▸ **Supplied information**
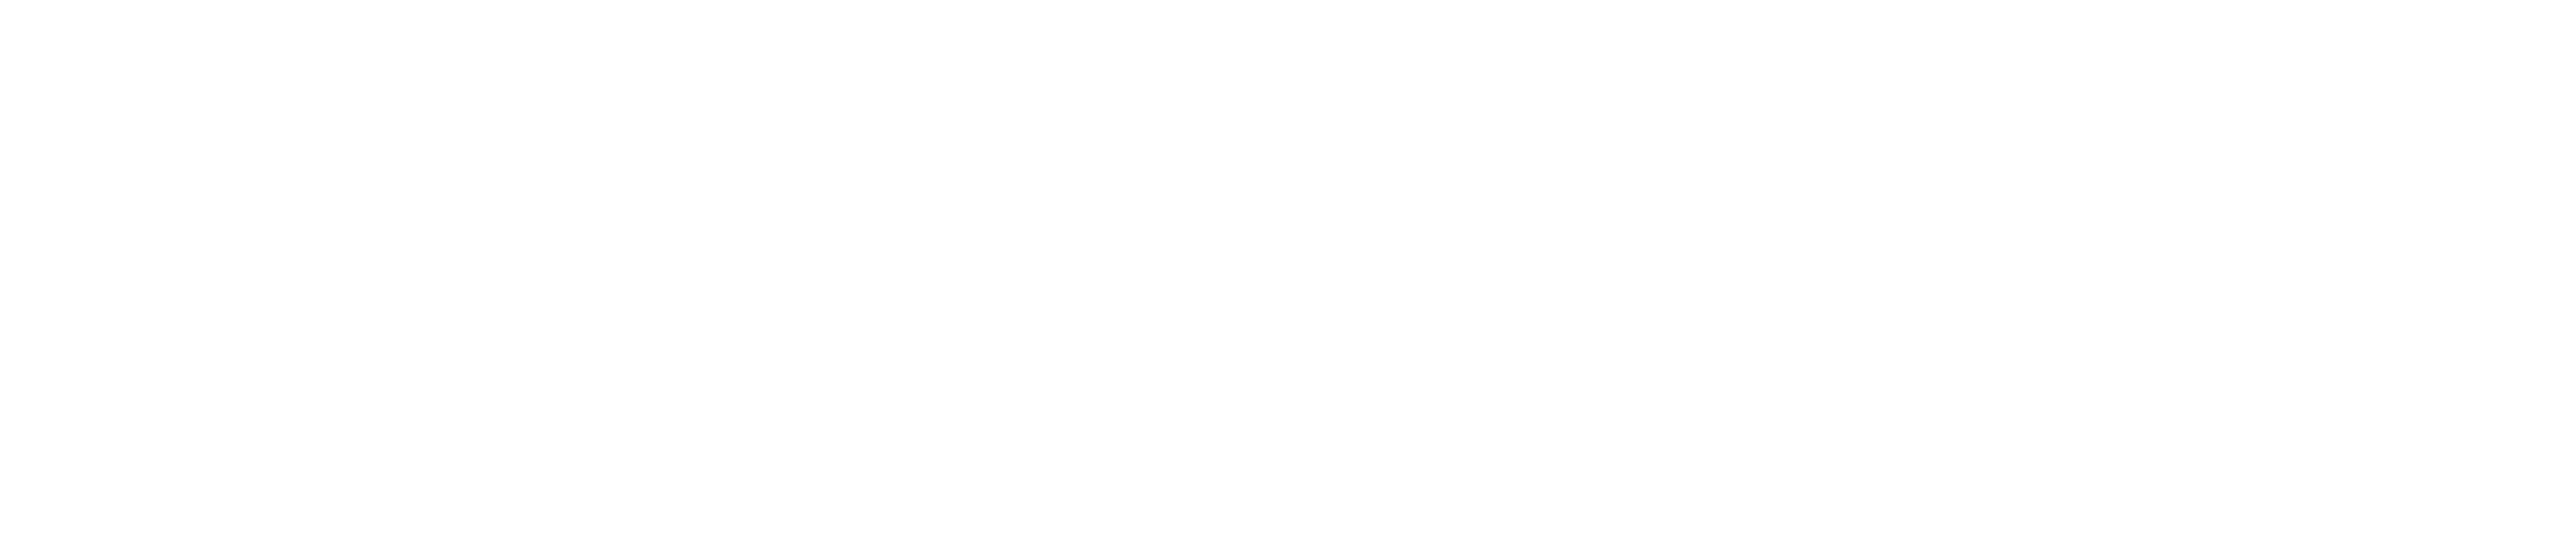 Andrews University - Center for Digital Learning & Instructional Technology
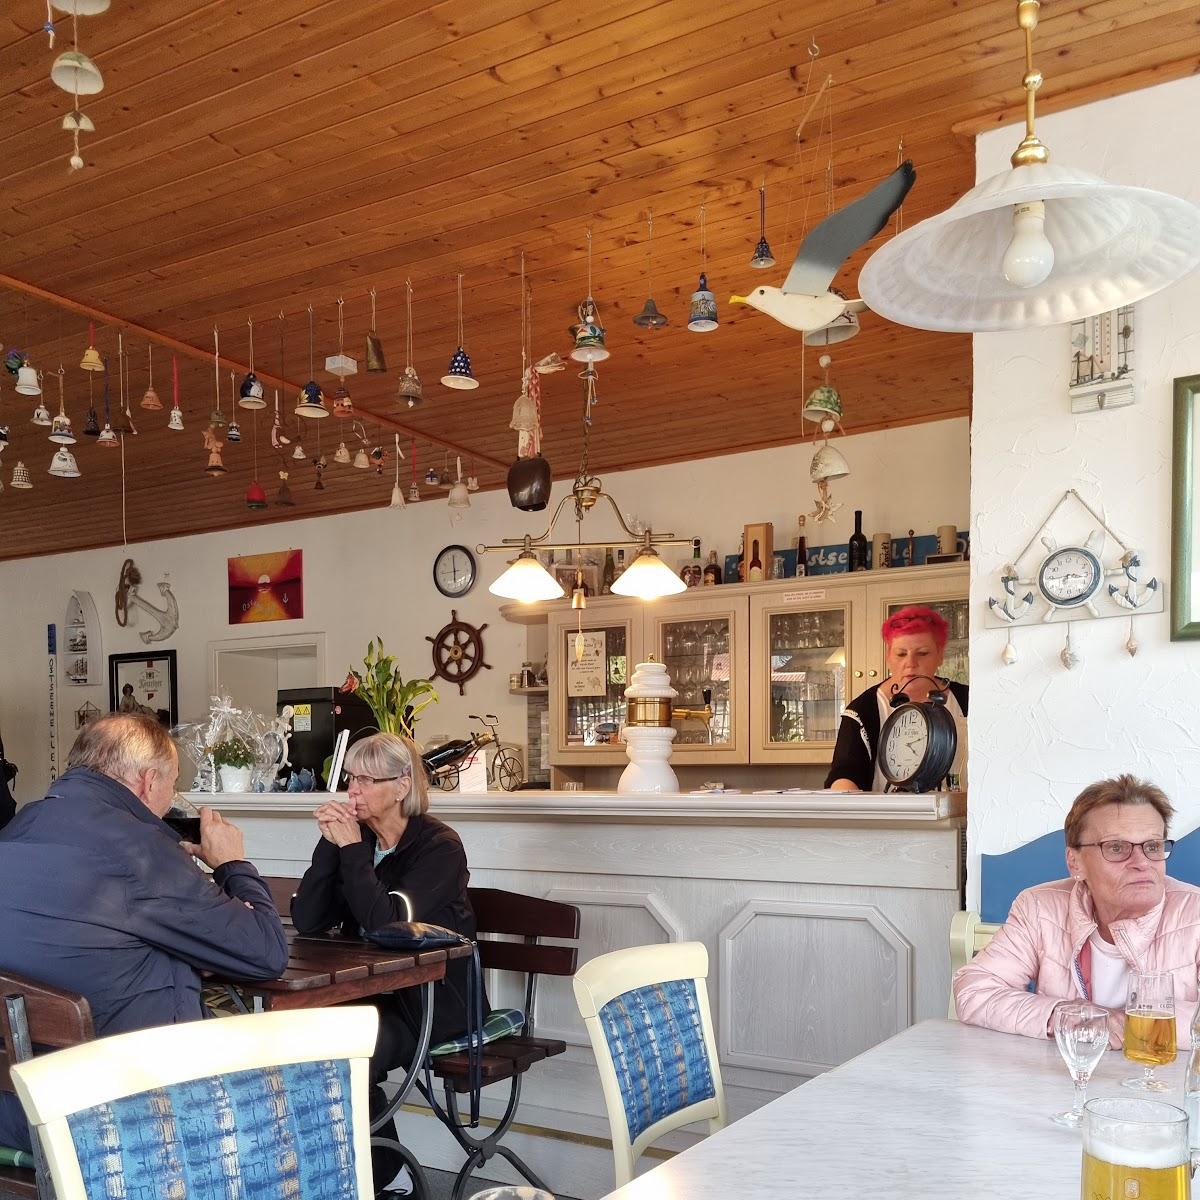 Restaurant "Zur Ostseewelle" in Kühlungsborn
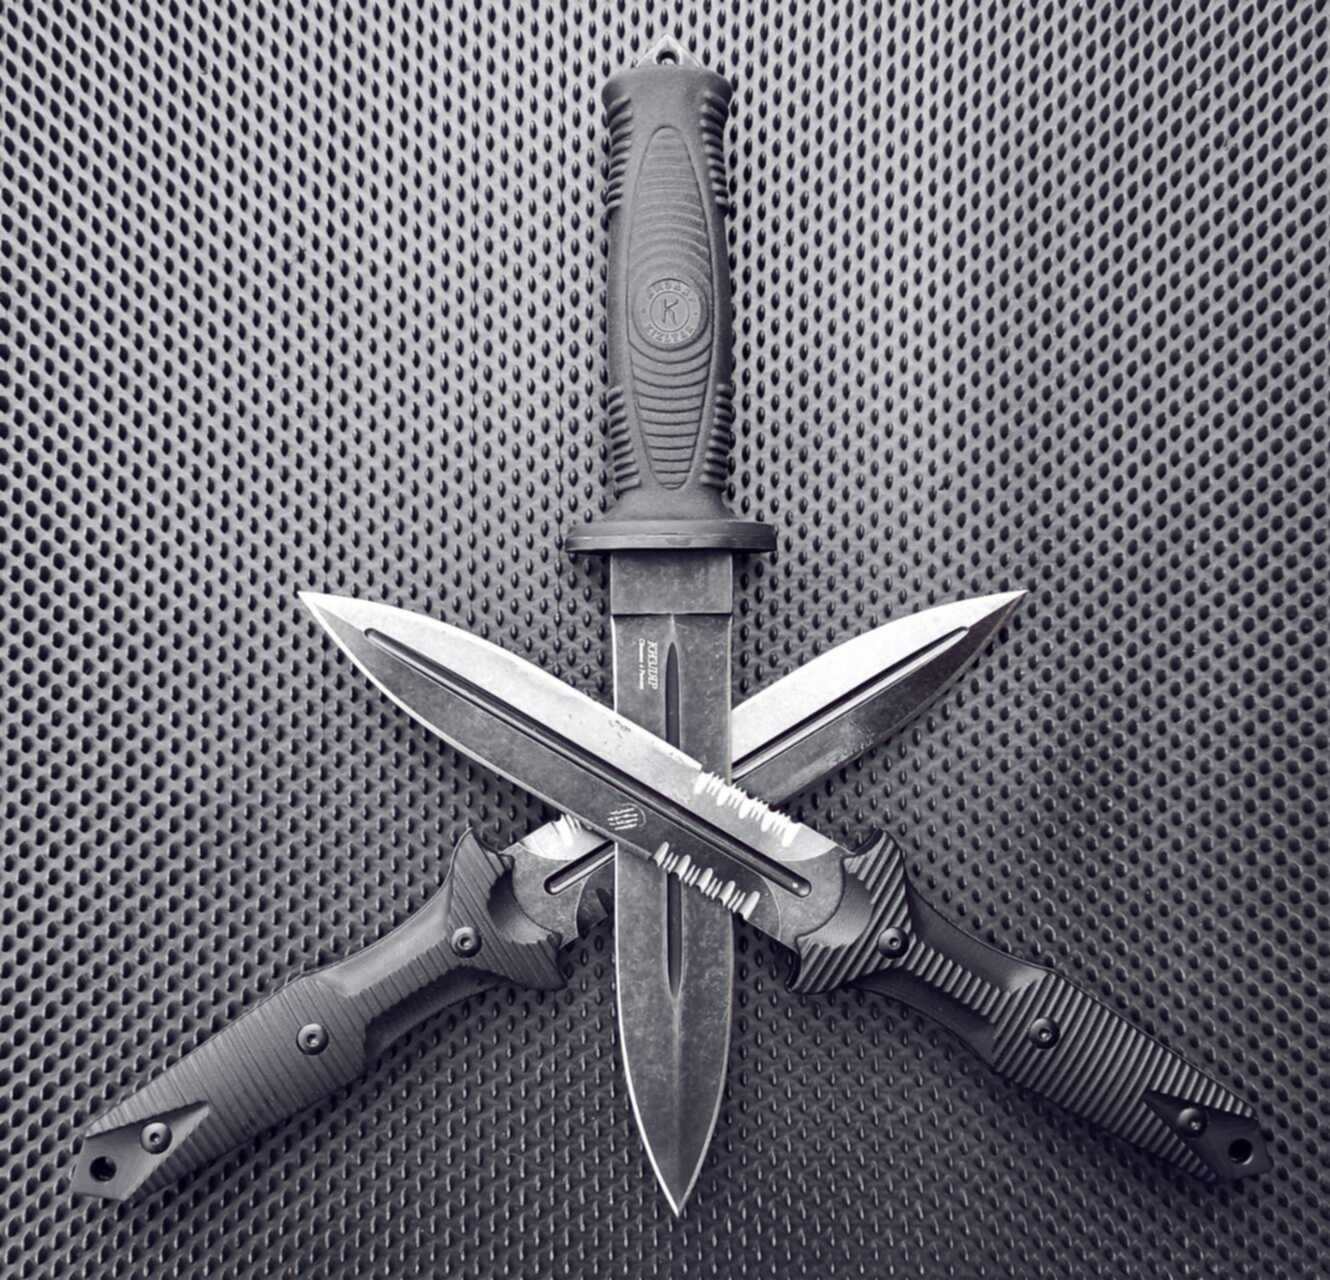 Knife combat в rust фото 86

▸ **Problem to work on**
Each line of the data should be printed again exactly. Please leave pictures out.

▸ **Answer**
 Andrews University - Center for Digital Learning & Instructional Technology
 Restaurant "Zur Ostseewelle" in Kühlungsborn
 Knife combat в rust фото 86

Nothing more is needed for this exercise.